Source data Block Start

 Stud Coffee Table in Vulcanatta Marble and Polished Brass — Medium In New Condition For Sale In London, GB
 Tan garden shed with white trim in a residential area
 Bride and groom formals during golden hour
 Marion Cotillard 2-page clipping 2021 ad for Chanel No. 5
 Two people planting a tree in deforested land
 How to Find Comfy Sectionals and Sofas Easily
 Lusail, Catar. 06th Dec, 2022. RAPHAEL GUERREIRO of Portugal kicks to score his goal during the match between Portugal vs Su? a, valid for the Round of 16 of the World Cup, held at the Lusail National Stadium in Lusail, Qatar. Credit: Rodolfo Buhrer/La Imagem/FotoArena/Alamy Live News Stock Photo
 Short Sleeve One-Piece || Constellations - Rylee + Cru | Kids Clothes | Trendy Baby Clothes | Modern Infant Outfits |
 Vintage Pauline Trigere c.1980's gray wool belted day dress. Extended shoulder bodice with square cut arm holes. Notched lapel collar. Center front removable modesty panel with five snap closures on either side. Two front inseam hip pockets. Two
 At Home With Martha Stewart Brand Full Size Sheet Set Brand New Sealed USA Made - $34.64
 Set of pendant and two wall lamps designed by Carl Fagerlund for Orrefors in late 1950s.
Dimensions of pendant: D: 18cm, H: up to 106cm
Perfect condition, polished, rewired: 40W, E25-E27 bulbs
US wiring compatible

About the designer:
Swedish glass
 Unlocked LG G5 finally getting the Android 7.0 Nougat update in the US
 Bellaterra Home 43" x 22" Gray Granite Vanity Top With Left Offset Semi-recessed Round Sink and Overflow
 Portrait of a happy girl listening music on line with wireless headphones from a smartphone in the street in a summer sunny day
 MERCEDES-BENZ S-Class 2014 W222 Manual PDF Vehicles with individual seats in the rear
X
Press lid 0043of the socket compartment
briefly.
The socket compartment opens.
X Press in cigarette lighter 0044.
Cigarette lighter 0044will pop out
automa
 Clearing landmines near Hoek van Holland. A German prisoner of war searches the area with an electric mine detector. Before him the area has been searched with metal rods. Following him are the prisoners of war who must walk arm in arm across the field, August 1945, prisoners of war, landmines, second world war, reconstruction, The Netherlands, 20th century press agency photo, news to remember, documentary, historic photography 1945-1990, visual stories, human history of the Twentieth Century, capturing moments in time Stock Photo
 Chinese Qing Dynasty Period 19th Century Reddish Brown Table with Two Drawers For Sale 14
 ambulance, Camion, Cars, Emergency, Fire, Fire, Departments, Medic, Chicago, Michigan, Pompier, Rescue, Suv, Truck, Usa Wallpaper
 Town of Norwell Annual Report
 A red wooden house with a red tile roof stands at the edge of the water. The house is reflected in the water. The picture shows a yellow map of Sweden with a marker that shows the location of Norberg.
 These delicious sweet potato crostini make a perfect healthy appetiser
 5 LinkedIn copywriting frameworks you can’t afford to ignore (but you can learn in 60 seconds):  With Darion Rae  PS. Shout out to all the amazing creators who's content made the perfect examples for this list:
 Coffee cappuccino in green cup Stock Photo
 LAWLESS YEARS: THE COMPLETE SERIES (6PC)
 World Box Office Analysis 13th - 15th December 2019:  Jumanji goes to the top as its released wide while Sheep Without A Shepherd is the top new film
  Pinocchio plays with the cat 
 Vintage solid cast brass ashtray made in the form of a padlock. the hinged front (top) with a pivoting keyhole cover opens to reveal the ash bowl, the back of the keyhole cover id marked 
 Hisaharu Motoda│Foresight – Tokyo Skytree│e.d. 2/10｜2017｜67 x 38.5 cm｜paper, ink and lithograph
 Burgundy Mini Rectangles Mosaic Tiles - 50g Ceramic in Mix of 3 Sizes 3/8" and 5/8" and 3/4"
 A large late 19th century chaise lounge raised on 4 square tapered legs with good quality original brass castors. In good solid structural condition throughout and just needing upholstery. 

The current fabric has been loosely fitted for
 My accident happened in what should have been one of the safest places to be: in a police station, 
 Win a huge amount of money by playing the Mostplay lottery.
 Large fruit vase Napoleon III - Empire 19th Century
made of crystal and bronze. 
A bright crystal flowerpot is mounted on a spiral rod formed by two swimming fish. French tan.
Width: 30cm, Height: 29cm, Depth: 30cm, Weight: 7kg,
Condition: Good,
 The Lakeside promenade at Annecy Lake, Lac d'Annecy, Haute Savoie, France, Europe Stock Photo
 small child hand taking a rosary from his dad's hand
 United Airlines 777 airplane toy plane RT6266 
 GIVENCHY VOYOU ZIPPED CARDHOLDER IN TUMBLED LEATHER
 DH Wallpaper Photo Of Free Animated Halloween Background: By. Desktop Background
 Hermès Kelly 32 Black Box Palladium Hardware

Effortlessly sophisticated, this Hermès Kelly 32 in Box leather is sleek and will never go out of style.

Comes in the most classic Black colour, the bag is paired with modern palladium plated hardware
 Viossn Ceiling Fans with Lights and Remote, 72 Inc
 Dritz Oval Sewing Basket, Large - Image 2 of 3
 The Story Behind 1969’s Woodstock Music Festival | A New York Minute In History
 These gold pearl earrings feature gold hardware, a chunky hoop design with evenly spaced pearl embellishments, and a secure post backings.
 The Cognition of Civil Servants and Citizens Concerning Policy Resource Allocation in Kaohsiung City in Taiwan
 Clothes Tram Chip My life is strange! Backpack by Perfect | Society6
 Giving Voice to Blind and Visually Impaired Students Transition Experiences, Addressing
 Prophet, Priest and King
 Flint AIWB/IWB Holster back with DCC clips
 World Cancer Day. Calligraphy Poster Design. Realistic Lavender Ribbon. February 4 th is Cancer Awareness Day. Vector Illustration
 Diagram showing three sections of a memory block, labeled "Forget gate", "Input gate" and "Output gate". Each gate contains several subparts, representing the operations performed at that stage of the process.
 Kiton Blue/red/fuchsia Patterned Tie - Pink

Source data Block End

How to complete this task: All of the entries above need to be printed again exactly.

Response to the exercise:
 Stud Coffee Table in Vulcanatta Marble and Polished Brass — Medium In New Condition For Sale In London, GB
 Tan garden shed with white trim in a residential area
 Bride and groom formals during golden hour
 Marion Cotillard 2-page clipping 2021 ad for Chanel No. 5
 Two people planting a tree in deforested land
 How to Find Comfy Sectionals and Sofas Easily
 Lusail, Catar. 06th Dec, 2022. RAPHAEL GUERREIRO of Portugal kicks to score his goal during the match between Portugal vs Su? a, valid for the Round of 16 of the World Cup, held at the Lusail National Stadium in Lusail, Qatar. Credit: Rodolfo Buhrer/La Imagem/FotoArena/Alamy Live News Stock Photo
 Short Sleeve One-Piece || Constellations - Rylee + Cru | Kids Clothes | Trendy Baby Clothes | Modern Infant Outfits |
 Vintage Pauline Trigere c.1980's gray wool belted day dress. Extended shoulder bodice with square cut arm holes. Notched lapel collar. Center front removable modesty panel with five snap closures on either side. Two front inseam hip pockets. Two
 At Home With Martha Stewart Brand Full Size Sheet Set Brand New Sealed USA Made - $34.64
 Set of pendant and two wall lamps designed by Carl Fagerlund for Orrefors in late 1950s.
Dimensions of pendant: D: 18cm, H: up to 106cm
Perfect condition, polished, rewired: 40W, E25-E27 bulbs
US wiring compatible

About the designer:
Swedish glass
 Unlocked LG G5 finally getting the Android 7.0 Nougat update in the US
 Bellaterra Home 43" x 22" Gray Granite Vanity Top With Left Offset Semi-recessed Round Sink and Overflow
 Portrait of a happy girl listening music on line with wireless headphones from a smartphone in the street in a summer sunny day
 MERCEDES-BENZ S-Class 2014 W222 Manual PDF Vehicles with individual seats in the rear
X
Press lid 0043of the socket compartment
briefly.
The socket compartment opens.
X Press in cigarette lighter 0044.
Cigarette lighter 0044will pop out
automa
 Clearing landmines near Hoek van Holland. A German prisoner of war searches the area with an electric mine detector. Before him the area has been searched with metal rods. Following him are the prisoners of war who must walk arm in arm across the field, August 1945, prisoners of war, landmines, second world war, reconstruction, The Netherlands, 20th century press agency photo, news to remember, documentary, historic photography 1945-1990, visual stories, human history of the Twentieth Century, capturing moments in time Stock Photo
 Chinese Qing Dynasty Period 19th Century Reddish Brown Table with Two Drawers For Sale 14
 ambulance, Camion, Cars, Emergency, Fire, Fire, Departments, Medic, Chicago, Michigan, Pompier, Rescue, Suv, Truck, Usa Wallpaper
 Town of Norwell Annual Report
 A red wooden house with a red tile roof stands at the edge of the water. The house is reflected in the water. The picture shows a yellow map of Sweden with a marker that shows the location of Norberg.
 These delicious sweet potato crostini make a perfect healthy appetiser
 5 LinkedIn copywriting frameworks you can’t afford to ignore (but you can learn in 60 seconds):  With Darion Rae  PS. Shout out to all the amazing creators who's content made the perfect examples for this list:
 Coffee cappuccino in green cup Stock Photo
 LAWLESS YEARS: THE COMPLETE SERIES (6PC)
 World Box Office Analysis 13th - 15th December 2019:  Jumanji goes to the top as its released wide while Sheep Without A Shepherd is the top new film
  Pinocchio plays with the cat 
 Vintage solid cast brass ashtray made in the form of a padlock. the hinged front (top) with a pivoting keyhole cover opens to reveal the ash bowl, the back of the keyhole cover id marked 
 Hisaharu Motoda│Foresight – Tokyo Skytree│e.d. 2/10｜2017｜67 x 38.5 cm｜paper, ink and lithograph
 Burgundy Mini Rectangles Mosaic Tiles - 50g Ceramic in Mix of 3 Sizes 3/8" and 5/8" and 3/4"
 A large late 19th century chaise lounge raised on 4 square tapered legs with good quality original brass castors. In good solid structural condition throughout and just needing upholstery. 

The current fabric has been loosely fitted for
 My accident happened in what should have been one of the safest places to be: in a police station, 
 Win a huge amount of money by playing the Mostplay lottery.
 Large fruit vase Napoleon III - Empire 19th Century
made of crystal and bronze. 
A bright crystal flowerpot is mounted on a spiral rod formed by two swimming fish. French tan.
Width: 30cm, Height: 29cm, Depth: 30cm, Weight: 7kg,
Condition: Good,
 The Lakeside promenade at Annecy Lake, Lac d'Annecy, Haute Savoie, France, Europe Stock Photo
 small child hand taking a rosary from his dad's hand
 United Airlines 777 airplane toy plane RT6266 
 GIVENCHY VOYOU ZIPPED CARDHOLDER IN TUMBLED LEATHER
 DH Wallpaper Photo Of Free Animated Halloween Background: By. Desktop Background
 Hermès Kelly 32 Black Box Palladium Hardware

Effortlessly sophisticated, this Hermès Kelly 32 in Box leather is sleek and will never go out of style.

Comes in the most classic Black colour, the bag is paired with modern palladium plated hardware
 Viossn Ceiling Fans with Lights and Remote, 72 Inc
 Dritz Oval Sewing Basket, Large - Image 2 of 3
 The Story Behind 1969’s Woodstock Music Festival | A New York Minute In History
 These gold pearl earrings feature gold hardware, a chunky hoop design with evenly spaced pearl embellishments, and a secure post backings.
 The Cognition of Civil Servants and Citizens Concerning Policy Resource Allocation in Kaohsiung City in Taiwan
 Clothes Tram Chip My life is strange! Backpack by Perfect | Society6
 Giving Voice to Blind and Visually Impaired Students Transition Experiences, Addressing
 Prophet, Priest and King
 Flint AIWB/IWB Holster back with DCC clips
 World Cancer Day. Calligraphy Poster Design. Realistic Lavender Ribbon. February 4 th is Cancer Awareness Day. Vector Illustration
 Diagram showing three sections of a memory block, labeled "Forget gate", "Input gate" and "Output gate". Each gate contains several subparts, representing the operations performed at that stage of the process.
 Kiton Blue/red/fuchsia Patterned Tie - Pink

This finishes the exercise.